### Exercise requirements
Nothing in the data should be left out or altered when it is retyped.

Dataset entries
★ ★ ★ ★ ★

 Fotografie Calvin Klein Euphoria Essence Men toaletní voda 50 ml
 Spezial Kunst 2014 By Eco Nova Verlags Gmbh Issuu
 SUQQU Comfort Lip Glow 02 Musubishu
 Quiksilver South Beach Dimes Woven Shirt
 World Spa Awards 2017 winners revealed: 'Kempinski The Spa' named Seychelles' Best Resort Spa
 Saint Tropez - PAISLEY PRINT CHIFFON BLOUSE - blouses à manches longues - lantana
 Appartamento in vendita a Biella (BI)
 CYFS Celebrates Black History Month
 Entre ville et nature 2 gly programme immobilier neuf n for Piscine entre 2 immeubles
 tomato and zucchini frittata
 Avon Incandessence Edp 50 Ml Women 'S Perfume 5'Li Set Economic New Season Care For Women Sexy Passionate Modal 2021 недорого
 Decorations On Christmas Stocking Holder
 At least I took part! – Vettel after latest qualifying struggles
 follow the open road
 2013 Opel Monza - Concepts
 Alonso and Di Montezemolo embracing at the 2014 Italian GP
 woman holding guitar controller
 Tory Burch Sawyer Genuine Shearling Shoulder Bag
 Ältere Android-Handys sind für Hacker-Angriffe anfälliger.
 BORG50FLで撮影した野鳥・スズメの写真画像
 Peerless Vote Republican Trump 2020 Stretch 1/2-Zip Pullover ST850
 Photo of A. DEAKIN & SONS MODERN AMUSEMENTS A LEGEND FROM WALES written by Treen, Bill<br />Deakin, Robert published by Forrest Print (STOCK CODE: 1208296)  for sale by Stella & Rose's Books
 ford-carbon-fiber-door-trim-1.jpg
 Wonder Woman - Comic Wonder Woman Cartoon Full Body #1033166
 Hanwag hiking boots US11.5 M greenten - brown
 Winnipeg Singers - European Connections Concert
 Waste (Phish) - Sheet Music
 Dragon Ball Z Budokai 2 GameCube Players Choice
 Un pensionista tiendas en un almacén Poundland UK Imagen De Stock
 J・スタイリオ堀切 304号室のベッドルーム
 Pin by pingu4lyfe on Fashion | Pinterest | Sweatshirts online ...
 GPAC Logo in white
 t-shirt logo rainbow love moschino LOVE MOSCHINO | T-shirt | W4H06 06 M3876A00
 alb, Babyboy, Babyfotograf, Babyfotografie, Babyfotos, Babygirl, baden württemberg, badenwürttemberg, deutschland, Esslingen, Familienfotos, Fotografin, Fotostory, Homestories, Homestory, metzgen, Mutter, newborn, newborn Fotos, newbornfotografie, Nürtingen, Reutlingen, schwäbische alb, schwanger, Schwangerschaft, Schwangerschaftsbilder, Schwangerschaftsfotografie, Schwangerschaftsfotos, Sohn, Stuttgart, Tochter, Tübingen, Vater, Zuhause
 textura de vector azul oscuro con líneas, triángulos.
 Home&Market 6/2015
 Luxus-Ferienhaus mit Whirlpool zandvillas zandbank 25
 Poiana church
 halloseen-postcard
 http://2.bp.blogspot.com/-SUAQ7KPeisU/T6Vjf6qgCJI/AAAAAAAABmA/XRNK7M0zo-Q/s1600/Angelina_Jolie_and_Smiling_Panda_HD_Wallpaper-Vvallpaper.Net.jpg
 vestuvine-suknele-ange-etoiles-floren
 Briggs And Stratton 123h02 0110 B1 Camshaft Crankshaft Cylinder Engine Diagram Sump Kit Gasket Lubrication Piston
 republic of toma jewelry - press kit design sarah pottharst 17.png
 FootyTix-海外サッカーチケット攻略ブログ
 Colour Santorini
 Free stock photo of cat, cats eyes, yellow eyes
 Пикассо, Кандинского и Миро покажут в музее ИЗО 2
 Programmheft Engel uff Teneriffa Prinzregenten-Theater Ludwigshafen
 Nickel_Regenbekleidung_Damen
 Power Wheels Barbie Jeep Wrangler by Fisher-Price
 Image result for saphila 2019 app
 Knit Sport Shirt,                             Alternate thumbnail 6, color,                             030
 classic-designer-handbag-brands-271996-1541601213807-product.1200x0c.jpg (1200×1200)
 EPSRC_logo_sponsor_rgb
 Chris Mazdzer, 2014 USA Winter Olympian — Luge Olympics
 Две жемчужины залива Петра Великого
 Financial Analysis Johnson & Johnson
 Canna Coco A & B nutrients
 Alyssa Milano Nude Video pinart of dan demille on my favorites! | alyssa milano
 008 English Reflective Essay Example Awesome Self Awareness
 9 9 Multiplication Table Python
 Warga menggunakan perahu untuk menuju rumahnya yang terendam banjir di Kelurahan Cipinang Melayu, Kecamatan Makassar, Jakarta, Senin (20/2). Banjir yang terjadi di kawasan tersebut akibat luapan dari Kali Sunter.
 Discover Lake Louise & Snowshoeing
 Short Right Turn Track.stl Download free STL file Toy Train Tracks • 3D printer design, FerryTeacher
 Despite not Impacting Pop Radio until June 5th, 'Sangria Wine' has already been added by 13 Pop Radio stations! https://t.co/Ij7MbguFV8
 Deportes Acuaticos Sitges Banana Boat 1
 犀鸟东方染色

★ ★ ★ ★ ★

### Solution for this task
 Fotografie Calvin Klein Euphoria Essence Men toaletní voda 50 ml
 Spezial Kunst 2014 By Eco Nova Verlags Gmbh Issuu
 SUQQU Comfort Lip Glow 02 Musubishu
 Quiksilver South Beach Dimes Woven Shirt
 World Spa Awards 2017 winners revealed: 'Kempinski The Spa' named Seychelles' Best Resort Spa
 Saint Tropez - PAISLEY PRINT CHIFFON BLOUSE - blouses à manches longues - lantana
 Appartamento in vendita a Biella (BI)
 CYFS Celebrates Black History Month
 Entre ville et nature 2 gly programme immobilier neuf n for Piscine entre 2 immeubles
 tomato and zucchini frittata
 Avon Incandessence Edp 50 Ml Women 'S Perfume 5'Li Set Economic New Season Care For Women Sexy Passionate Modal 2021 недорого
 Decorations On Christmas Stocking Holder
 At least I took part! – Vettel after latest qualifying struggles
 follow the open road
 2013 Opel Monza - Concepts
 Alonso and Di Montezemolo embracing at the 2014 Italian GP
 woman holding guitar controller
 Tory Burch Sawyer Genuine Shearling Shoulder Bag
 Ältere Android-Handys sind für Hacker-Angriffe anfälliger.
 BORG50FLで撮影した野鳥・スズメの写真画像
 Peerless Vote Republican Trump 2020 Stretch 1/2-Zip Pullover ST850
 Photo of A. DEAKIN & SONS MODERN AMUSEMENTS A LEGEND FROM WALES written by Treen, Bill<br />Deakin, Robert published by Forrest Print (STOCK CODE: 1208296)  for sale by Stella & Rose's Books
 ford-carbon-fiber-door-trim-1.jpg
 Wonder Woman - Comic Wonder Woman Cartoon Full Body #1033166
 Hanwag hiking boots US11.5 M greenten - brown
 Winnipeg Singers - European Connections Concert
 Waste (Phish) - Sheet Music
 Dragon Ball Z Budokai 2 GameCube Players Choice
 Un pensionista tiendas en un almacén Poundland UK Imagen De Stock
 J・スタイリオ堀切 304号室のベッドルーム
 Pin by pingu4lyfe on Fashion | Pinterest | Sweatshirts online ...
 GPAC Logo in white
 t-shirt logo rainbow love moschino LOVE MOSCHINO | T-shirt | W4H06 06 M3876A00
 alb, Babyboy, Babyfotograf, Babyfotografie, Babyfotos, Babygirl, baden württemberg, badenwürttemberg, deutschland, Esslingen, Familienfotos, Fotografin, Fotostory, Homestories, Homestory, metzgen, Mutter, newborn, newborn Fotos, newbornfotografie, Nürtingen, Reutlingen, schwäbische alb, schwanger, Schwangerschaft, Schwangerschaftsbilder, Schwangerschaftsfotografie, Schwangerschaftsfotos, Sohn, Stuttgart, Tochter, Tübingen, Vater, Zuhause
 textura de vector azul oscuro con líneas, triángulos.
 Home&Market 6/2015
 Luxus-Ferienhaus mit Whirlpool zandvillas zandbank 25
 Poiana church
 halloseen-postcard
 http://2.bp.blogspot.com/-SUAQ7KPeisU/T6Vjf6qgCJI/AAAAAAAABmA/XRNK7M0zo-Q/s1600/Angelina_Jolie_and_Smiling_Panda_HD_Wallpaper-Vvallpaper.Net.jpg
 vestuvine-suknele-ange-etoiles-floren
 Briggs And Stratton 123h02 0110 B1 Camshaft Crankshaft Cylinder Engine Diagram Sump Kit Gasket Lubrication Piston
 republic of toma jewelry - press kit design sarah pottharst 17.png
 FootyTix-海外サッカーチケット攻略ブログ
 Colour Santorini
 Free stock photo of cat, cats eyes, yellow eyes
 Пикассо, Кандинского и Миро покажут в музее ИЗО 2
 Programmheft Engel uff Teneriffa Prinzregenten-Theater Ludwigshafen
 Nickel_Regenbekleidung_Damen
 Power Wheels Barbie Jeep Wrangler by Fisher-Price
 Image result for saphila 2019 app
 Knit Sport Shirt,                             Alternate thumbnail 6, color,                             030
 classic-designer-handbag-brands-271996-1541601213807-product.1200x0c.jpg (1200×1200)
 EPSRC_logo_sponsor_rgb
 Chris Mazdzer, 2014 USA Winter Olympian — Luge Olympics
 Две жемчужины залива Петра Великого
 Financial Analysis Johnson & Johnson
 Canna Coco A & B nutrients
 Alyssa Milano Nude Video pinart of dan demille on my favorites! | alyssa milano
 008 English Reflective Essay Example Awesome Self Awareness
 9 9 Multiplication Table Python
 Warga menggunakan perahu untuk menuju rumahnya yang terendam banjir di Kelurahan Cipinang Melayu, Kecamatan Makassar, Jakarta, Senin (20/2). Banjir yang terjadi di kawasan tersebut akibat luapan dari Kali Sunter.
 Discover Lake Louise & Snowshoeing
 Short Right Turn Track.stl Download free STL file Toy Train Tracks • 3D printer design, FerryTeacher
 Despite not Impacting Pop Radio until June 5th, 'Sangria Wine' has already been added by 13 Pop Radio stations! https://t.co/Ij7MbguFV8
 Deportes Acuaticos Sitges Banana Boat 1
 犀鸟东方染色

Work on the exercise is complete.